This repository contains the Google Earth Engine and Python scripts used for the manuscript:
Tracing tidal-flat degradation under coastal development using tidal-behavior mapping and lagged conversion analysis
The code implements the Tidal Flat Behavior and Lagged Process Tracing framework (TF-BLPT) for annual tidal-flat mapping, threshold diagnostics, accuracy assessment, cross-shore metric calculation and lagged conversion analysis.
- Generate annual Landsat tidal-behavior feature images in Google Earth Engine.
- Prepare masked land-cover and tidal-flat raster inputs.
- Build cross-shore coastal statistical units.
- Estimate constrained local thresholds for dry-state, wet-state and temporal-variability features.
- Extract annual tidal-flat maps.
- Evaluate feature separation and threshold sensitivity.
- Assess mapping accuracy using reference samples.
- Calculate cross-shore development and tidal-flat metrics.
gee/
01_generate_landsat_tidal_behavior_features.js
python/
01_mask_clcd_and_tidal_flat_rasters.py
02_generate_cross_shore_units.py
03_estimate_constrained_local_thresholds.py
04_extract_annual_tidal_flats_parallel.py
05_feature_distribution_sensitivity.py
06_threshold_diagnostics_heatmap.py
07_accuracy_assessment.py
08_cross_shore_metrics.py
config/
config_example.yaml
data/
README.md
docs/
workflow_overview.md
The scripts use publicly available remote-sensing data and user-prepared vector inputs:
- Landsat Collection 2 Tier 1 Level-2 Surface Reflectance, accessed through Google Earth Engine.
- China Land Cover Dataset (CLCD), used to represent impervious-surface development footprints.
- User-defined study-area boundaries, cross-shore coastal units and validation samples.
Large raster files, intermediate products and local GIS assets are not stored in this repository. See data/README.md and config/config_example.yaml for expected input organization.

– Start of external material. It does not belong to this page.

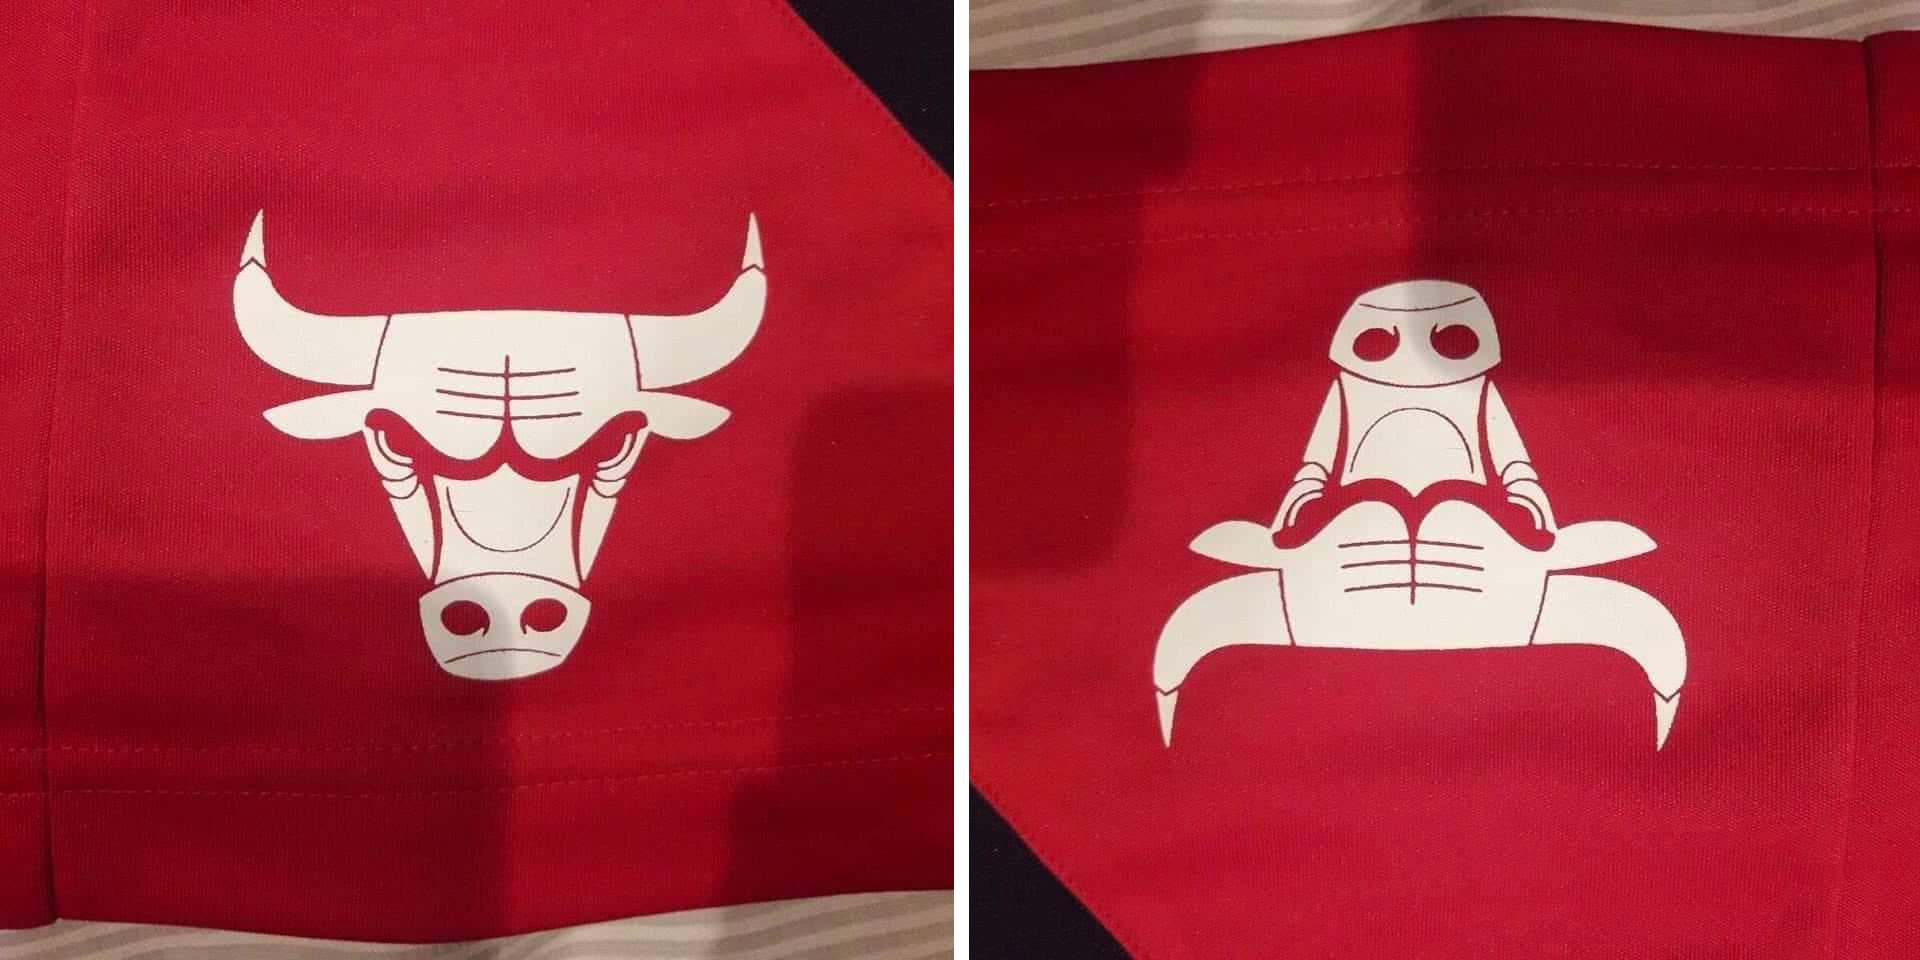 Chicago Bulls Logo Upside Down
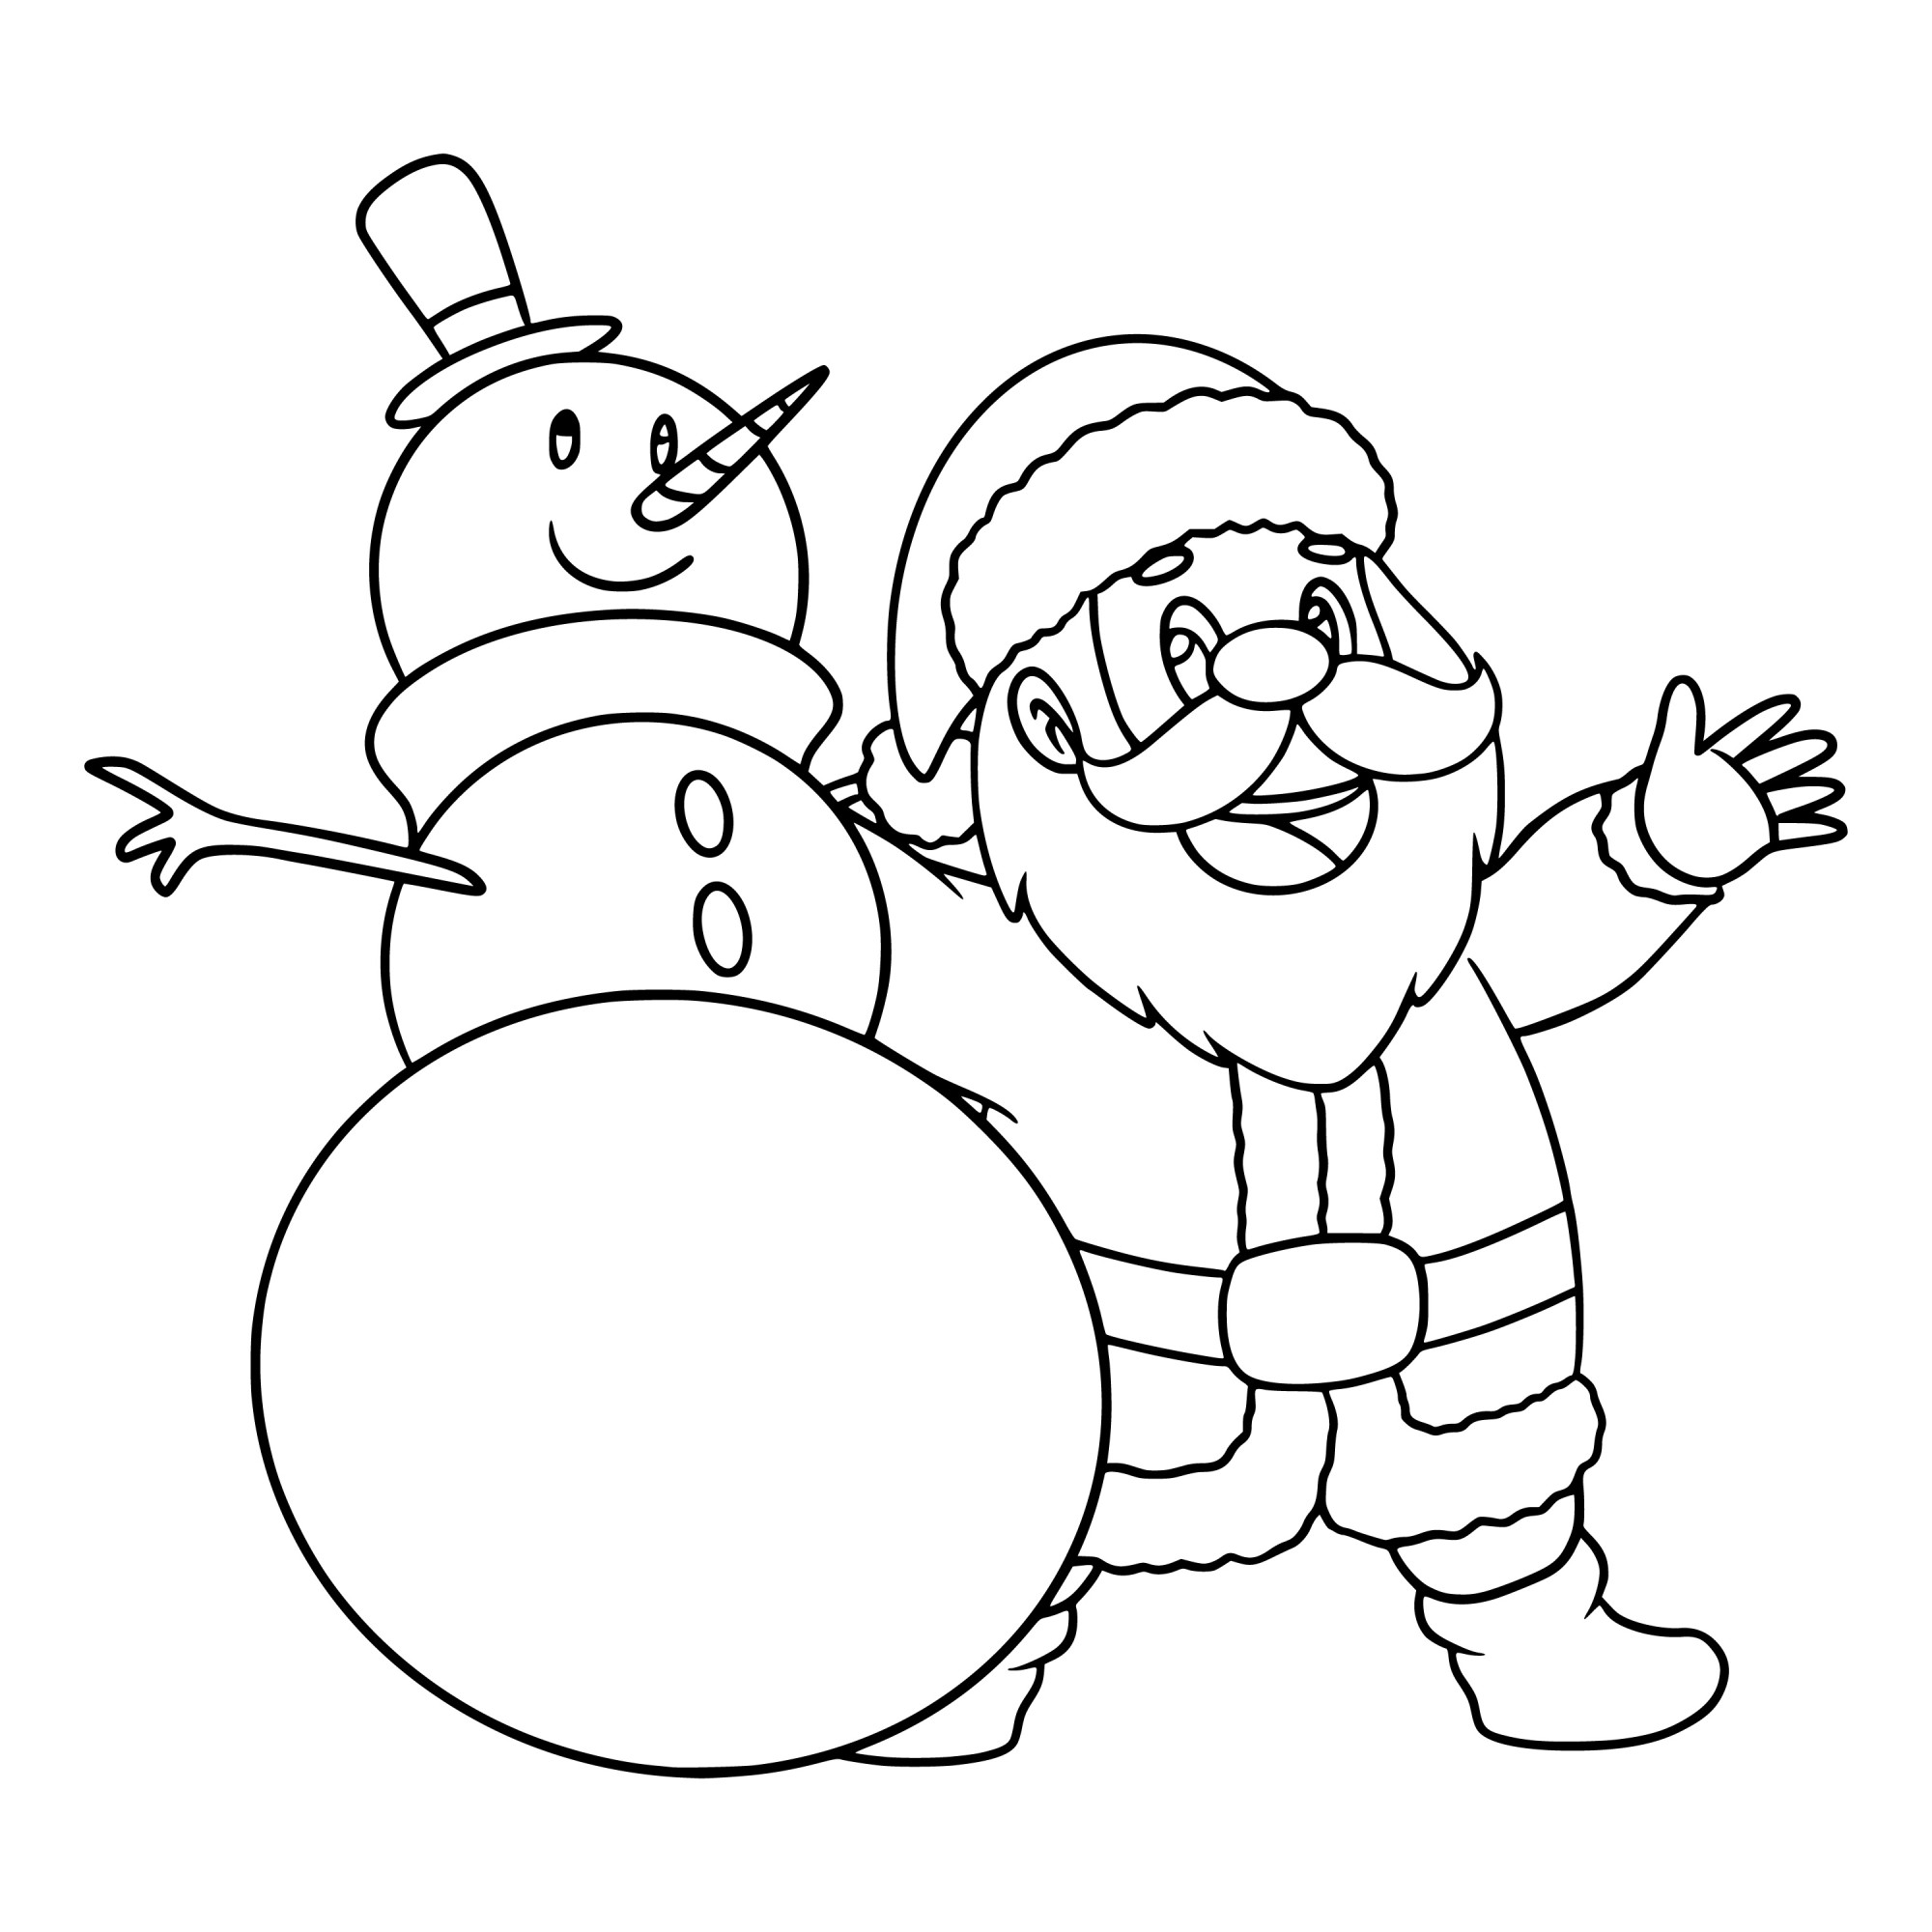 Раскраска для детей: дед мороз и снеговик

The original scripts were written for a local project folder. Most file paths are relative to the repository root and can be adjusted in the parameter section at the top of each script. A typical run order is:
gee/01_generate_landsat_tidal_behavior_features.js
python/01_mask_clcd_and_tidal_flat_rasters.py
python/02_generate_cross_shore_units.py
python/03_estimate_constrained_local_thresholds.py
python/04_extract_annual_tidal_flats_parallel.py
python/05_feature_distribution_sensitivity.py
python/06_threshold_diagnostics_heatmap.py
python/07_accuracy_assessment.py
python/08_cross_shore_metrics.py
The Python scripts require common geospatial and scientific Python packages. A minimal dependency list is provided in requirements.txt; an optional conda environment file is provided in environment.yml.
The repository is intended to document the processing workflow and provide reusable scripts. Users should update local paths, Google Earth Engine assets and validation samples before running the workflow in another study area.